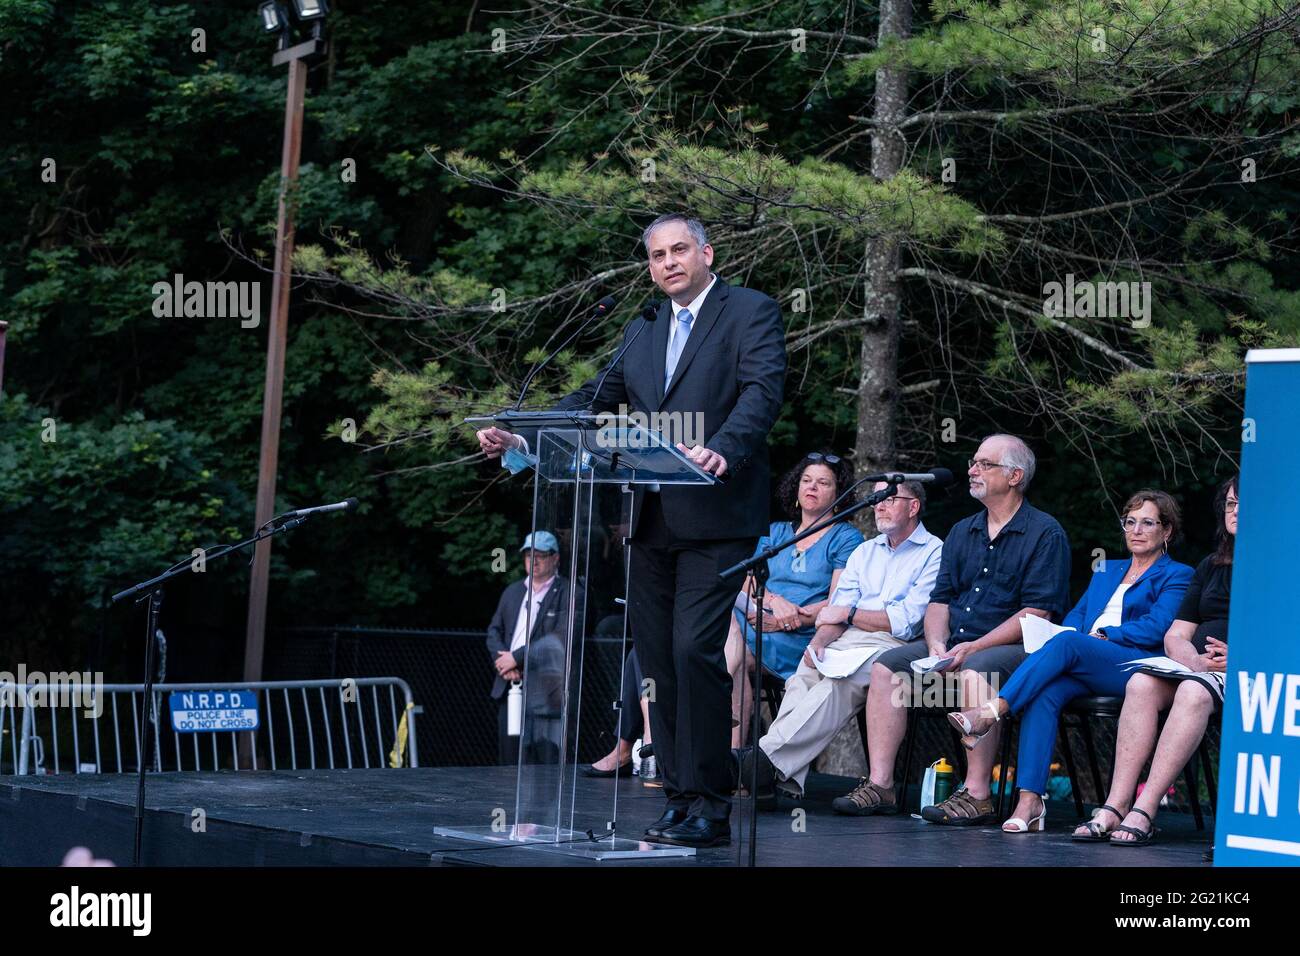 Scarsdale, United States. 07th June, 2021. Acting New York Israeli Consul General​ Israel Nitzan speaks at Westchester stands united against anti-semitism and hate rally at Jewish Community Center of Mid-Westchester in Scarsdale, NY on June 7, 2021. (Photo by Lev Radin/Sipa USA) Credit: Sipa USA/Alamy Live News Stock Photo
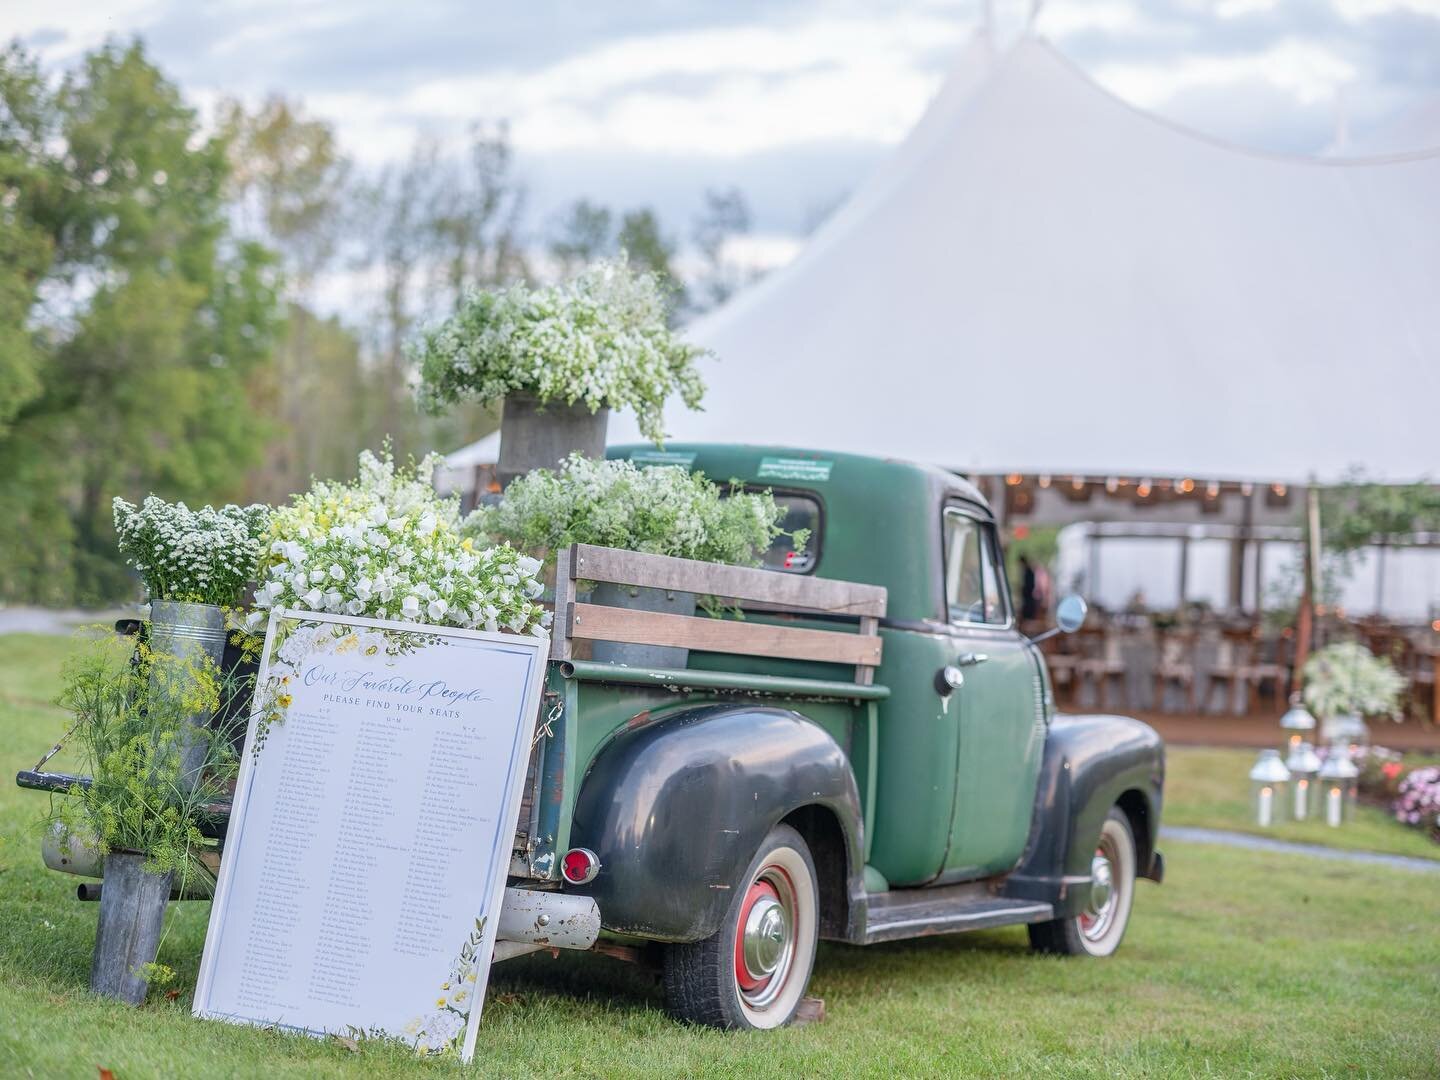 Lindsey borrowed her Uncle&rsquo;s vintage truck to welcome guests to the Reception tent, complete with a custom bumper sticker. More to come! 
Photo: @rodeoandcophoto 

@oneforthebooksevents 
@rainorshinetentco 

#manchestervtwedding #vermontwedding
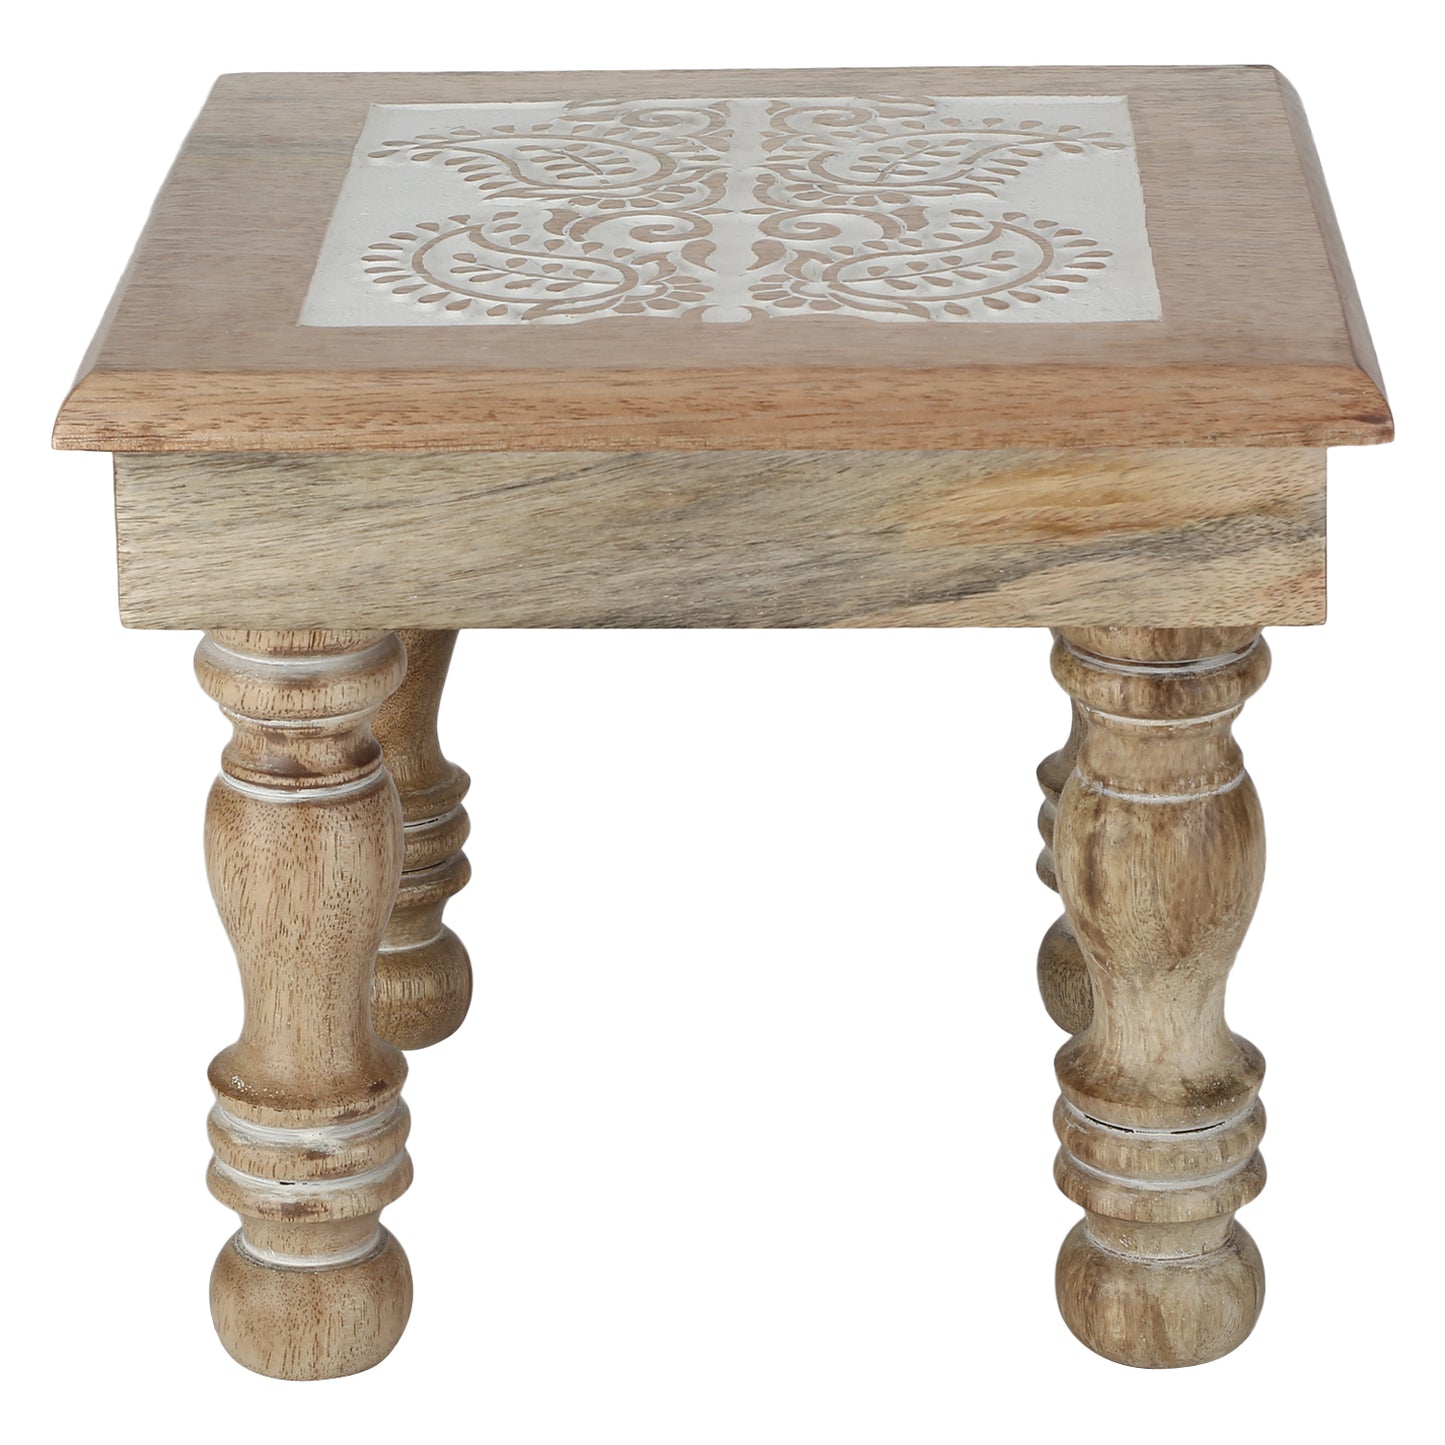 SAVON Wooden Step Stool Small Footstool footrest Table

# # # #

WHAT IS BEING ASKED:
Copy the material exactly as written and leave every picture behind.

ANSWER SECTION:
 Scarsdale, United States. 07th June, 2021. Acting New York Israeli Consul General​ Israel Nitzan speaks at Westchester stands united against anti-semitism and hate rally at Jewish Community Center of Mid-Westchester in Scarsdale, NY on June 7, 2021. (Photo by Lev Radin/Sipa USA) Credit: Sipa USA/Alamy Live News Stock Photo
 Lindsey borrowed her Uncle&rsquo;s vintage truck to welcome guests to the Reception tent, complete with a custom bumper sticker. More to come! 
Photo: @rodeoandcophoto 

@oneforthebooksevents 
@rainorshinetentco 

#manchestervtwedding #vermontwedding
 SAVON Wooden Step Stool Small Footstool footrest Table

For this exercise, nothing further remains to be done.